Растеревшись полотенцем – его полотенцем! – она не стала сразу облачаться в свое дешевенькое ситцевое платье, а направилась в спальню, оставляя на полу влажные изящные следы, к уже знакомому ей трюмо, чтобы спокойно, не опасаясь быть застигнутой врасплох, разглядеть себя в первозданном виде.
Ее тело, словно выточенное из слоновой кости искусным резчиком в изысканной, утонченной манере, было безупречно. Таким телом можно было гордиться. Но именно эта безупречность и смущала девушку. Она ощупала себя, обследовала со всех сторон и, еще раз недоверчиво и подозрительно покосившись на зеркало, вернулась в ванную комнату за одеждой.
Тигран узнал о том, что таинственная гостья сдержала свое обещание, не только по изъятому из-под коврика ключу, но и по вкусным запахам, распространявшимся из кухни по всей квартире. Оставалось удостовериться, дождалась ли она его или уже сбежала.
Он первым делом прошел на кухню. На плите все было готово к ужину, но Одиль там не оказалось. С возрастающим разочарованием он заглянул в гостиную, ванную, в свой кабинет и в спальню. Снова вернулся в гостиную, в растерянности остановившись в дверях. Последней надеждой оставалось кресло, повернутое к окну. Тигран тихонько приблизился, заглянул за высокую спинку и облегченно вздохнул. Одиль крепко спала, уютно, по-домашнему поджав под себя ноги.

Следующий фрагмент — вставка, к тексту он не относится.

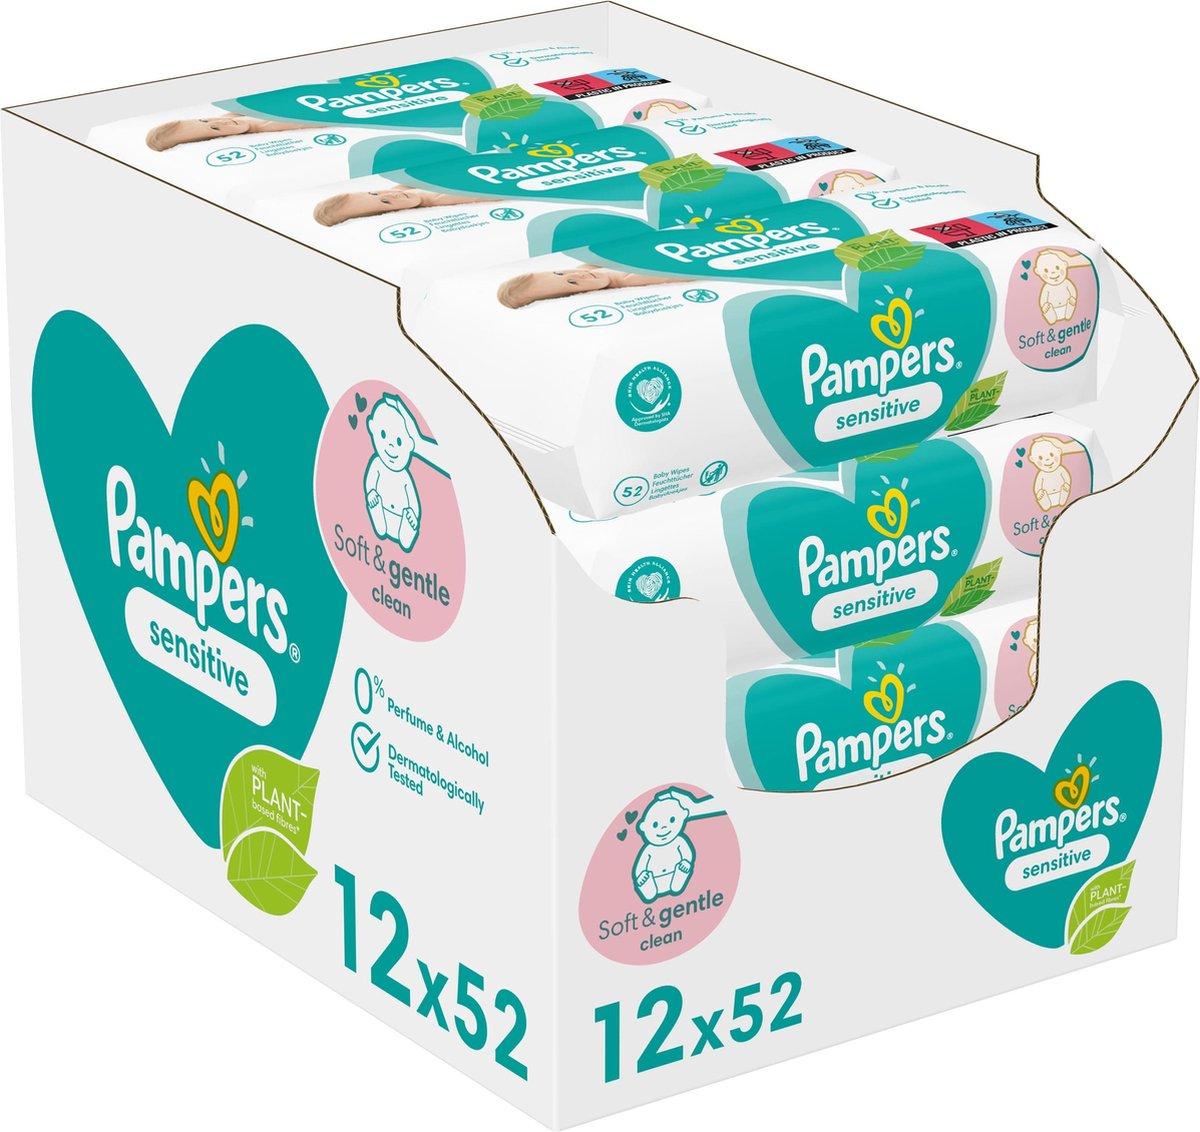 Pampers Sensitive Billendoekjes - 1200 stuks
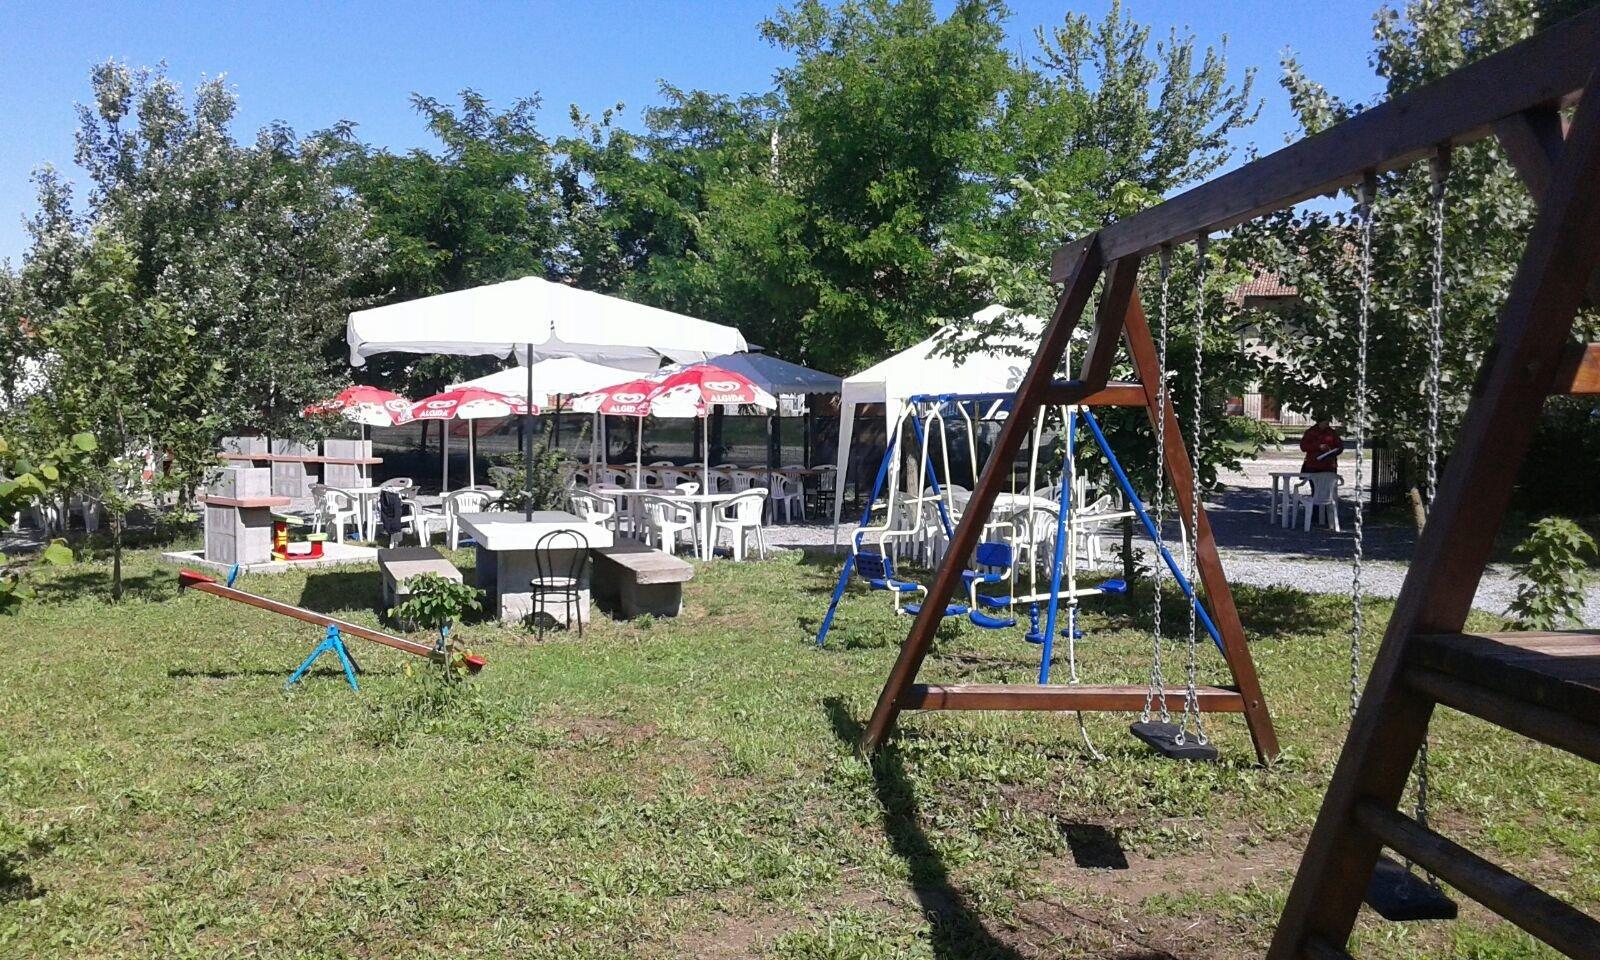 spazio giochi per bambini in un parco

Он присел на корточки подле нее, внимательно всматриваясь в даже во сне напряженное лицо. Ему не хотелось будить ее, но, почувствовав его присутствие, она широко распахнула глаза. Он впервые увидел их так близко – пугающий своей бездонностью колодец зрачка и радужка, богатством и переливами оттенков напомнившая ему импрессионистскую живопись или горящий на солнце осенний сад.
- Какие у тебя необыкновенные глаза! В жизни таких не видел. – Его лицо, его тон излучали ласковую заботливость и теплоту. – Спасибо, что пришла. Я боялся даже надеяться... Поспи еще. Я отнесу тебя в спальню. Там тебе будет удобнее. – Не дожидаясь ответа, он подхватил ее на руки. – Боже! Какая ты легкая! Совсем ничего не весишь.
- Отпусти меня! – разволновалась от его восклицания девушка. – Немедленно отпусти!
Он лишь крепче прижал ее к себе.
- Отпустить, чтобы ты опять сбежала? Ни за что! Я закажу для тебя кандалы и тяжелые чугунные цепи, а на окнах и дверях поставлю решетки.
Слегка отстранившись, она внимательно заглянула ему в глаза:
- А ты уверен, что хочешь этого? Что потом ни о чем не пожалеешь?
- Я хочу, чтобы мой дом ты считала своим. Чтобы не убегала одна в глухую ночь, неизвестно куда и зачем, когда тебе этого совсем не хочется. Я не обижу тебя, поверь.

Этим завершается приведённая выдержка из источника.